When I re-positioned the seat and tightened the nuts, the left nut split the plastic parts, causing the cap unable to close. As a result, the seat lid won't close. See photos. 

I'm also concerned that screwing the nuts all the way in may damage the plastic parts (because they would split apart).


----------



## Gymschu (Dec 12, 2010)

Any big box store has replacement plastic parts. Redo it but don't OVERTIGHTEN.


----------



## TheEplumber (Jul 20, 2010)

I moved thread to plumbing.
What you have is a cheap plastic seat. Best to replace it with a good quality wood one from a company like Bemis or Church.


----------



## HomeLearner (Sep 27, 2014)

TheEplumber said:


> I moved thread to plumbing.
> What you have is a cheap plastic seat. Best to replace it with a good quality wood one from a company like Bemis or Church.

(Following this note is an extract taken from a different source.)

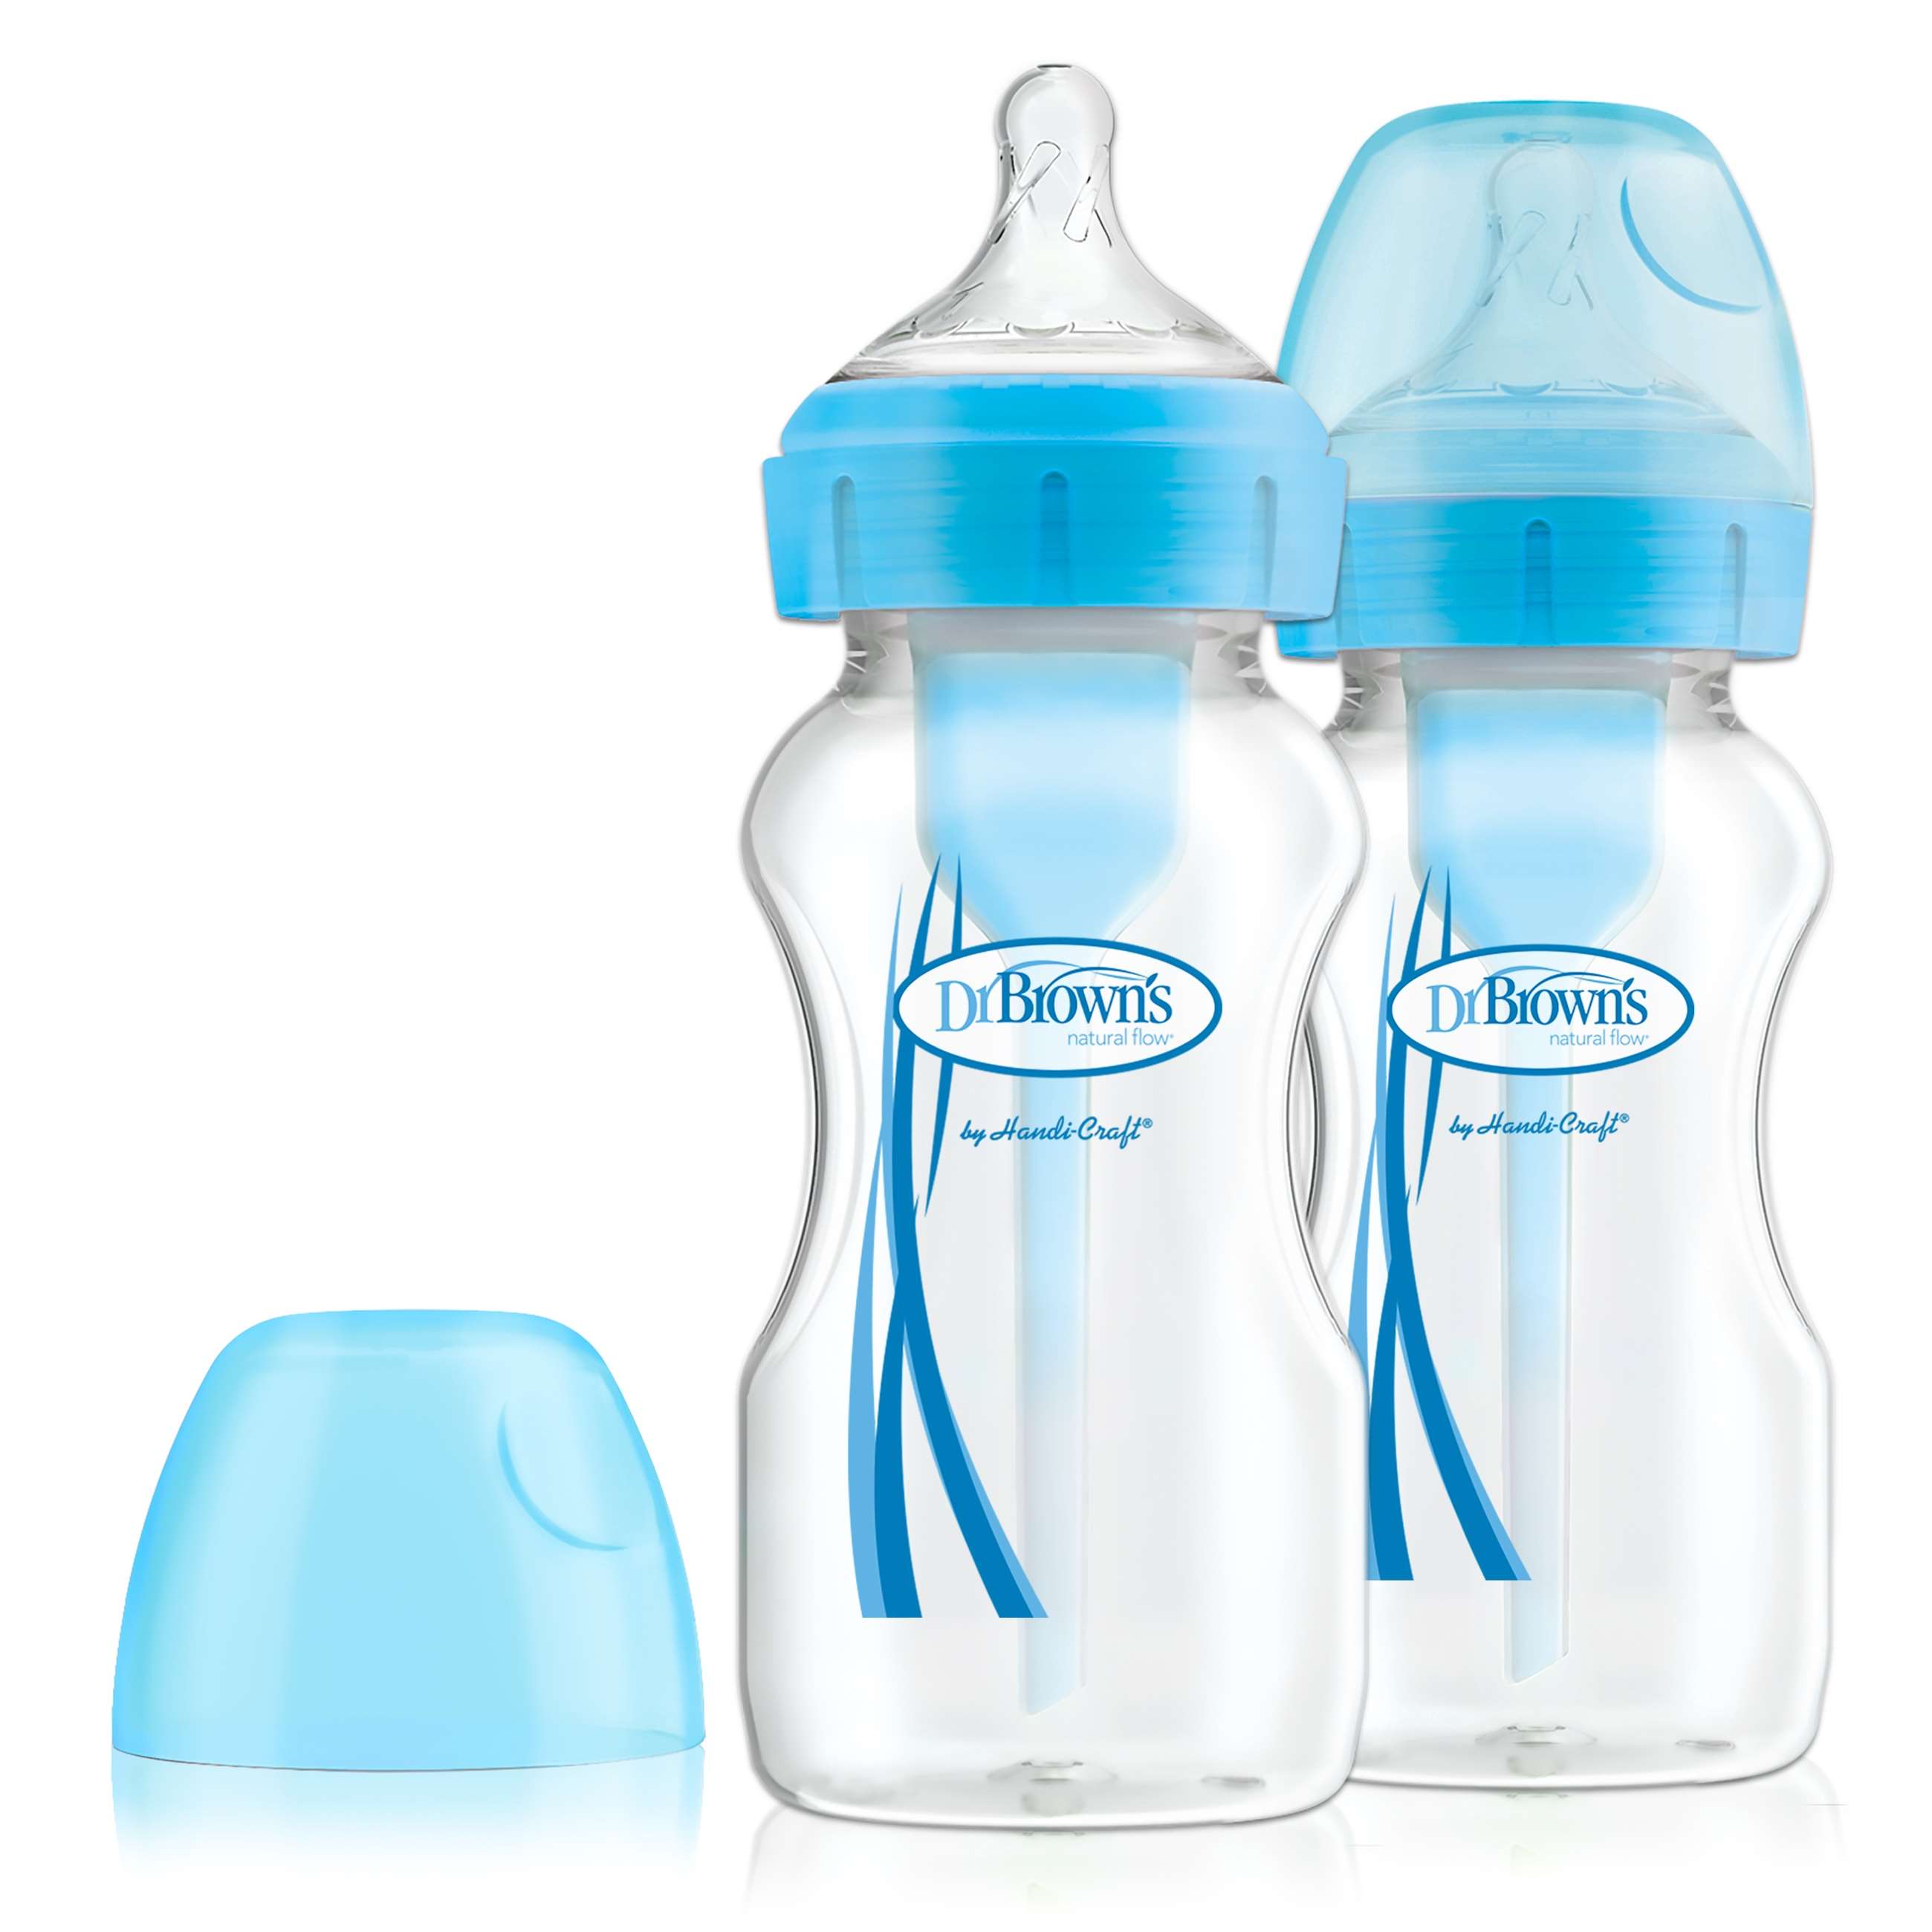 94008 product_options _wide-neck_9oz_270ml_2-pack_blue

The seat I got is Kohler brand. Cost me about $42. 

Will a wood one allow me to adjust the angle of the seat (without breaking anything)?


----------



## HomeLearner (Sep 27, 2014)

Gymschu said:


> Any big box store has replacement plastic parts. Redo it but don't OVERTIGHTEN.


I may not know how to replace the plastic parts even if I get the right parts.


----------



## BlackTiger (Oct 11, 2014)

Many of the toilet seats that I've seen come with two sets of metal washers. One set with center holes and one with offset holes. You may be able to take up the difference in your out of place holes by using the offset washer on one side and the centered washer on the other. Or if it's really bad, use the offset washers on both side opposite of each other.


----------



## SeniorSitizen (Sep 10, 2012)

I could build you a crooked wooden seat to match the crooked holes, but OH My, if you thought plumbers were expensive you should see the bill for one of those little fellers. My wife is still paying for this one 9 years later.:laughing:


----------



## jmon (Nov 5, 2012)

HomeLearner said:


> When I re-positioned the seat and tightened the nuts, the left nut split the plastic parts, causing the cap unable to close. As a result, the seat lid won't close. See photos.
> 
> I'm also concerned that screwing the nuts all the way in may damage the plastic parts (because they would split apart).

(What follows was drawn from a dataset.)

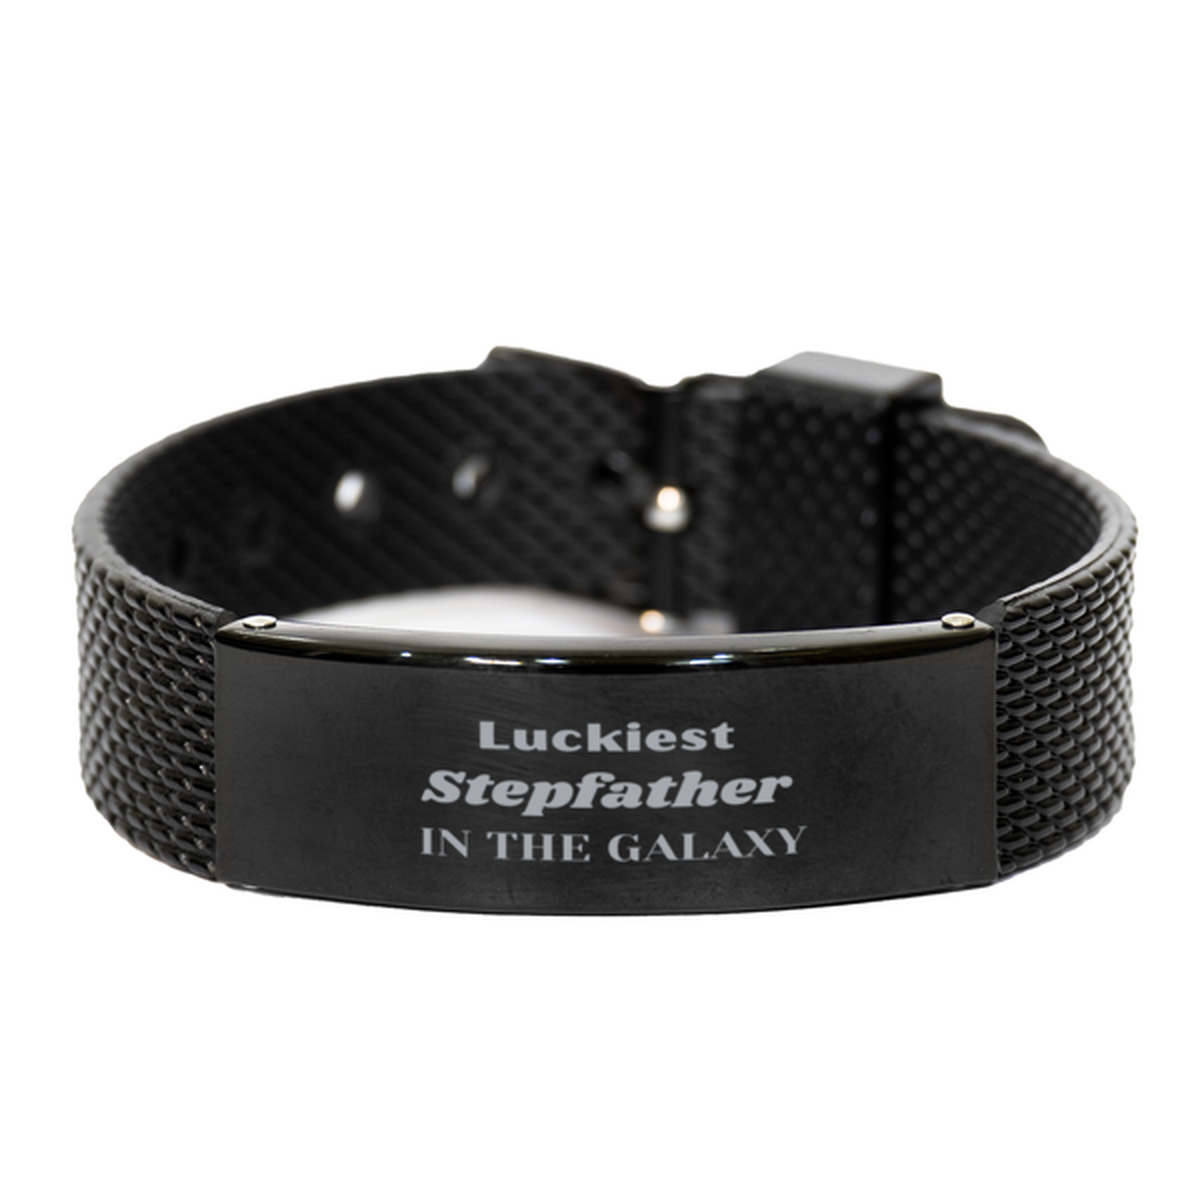 Luckiest Stepfather in the Galaxy, To My Stepfather Engraved Gifts, Christmas Stepfather Black Shark Mesh Bracelet Gifts, X-mas Birthday Unique Gifts For Stepfather Men Women

It looks like you have one of those no slam toilet seats, they are designed for a quick disconnect. It's made so you can slide the toilet seat right out for easy cleaning then slide it back in. They do cost about 40-50 dollars. They been on the market for awhile now, you either love them or you don't. Good for families with little ones, etc.

It may not be broken, just back off the bolts a little, re-adjust seat so it's even, tighten back down snug, do not overtightened. It's design to slip in and out of place without removing the bolts for easy cleaning. 

As e plumber suggested, you may want to opt for a good typical toilet seat if that one is broken. Just a suggestion.


----------



## karin els (Oct 27, 2014)

From the pics you posted, Home learner, the plus sign on the black tab at the mounting bolt tells me there is an adjustment capability with that particular seat. Even though I have not seen that exact style myself, I would take the seat off and just play with it like I would trying to put a jigsaw puzzle together. See if and how many diff ways to configure the components to make it fit. Like I said though, thats just a guess.


----------



## HomeLearner (Sep 27, 2014)

BlackTiger said:


> Many of the toilet seats that I've seen come with two sets of metal washers. One set with center holes and one with offset holes. You may be able to take up the difference in your out of place holes by using the offset washer on one side and the centered washer on the other. Or if it's really bad, use the offset washers on both side opposite of each other.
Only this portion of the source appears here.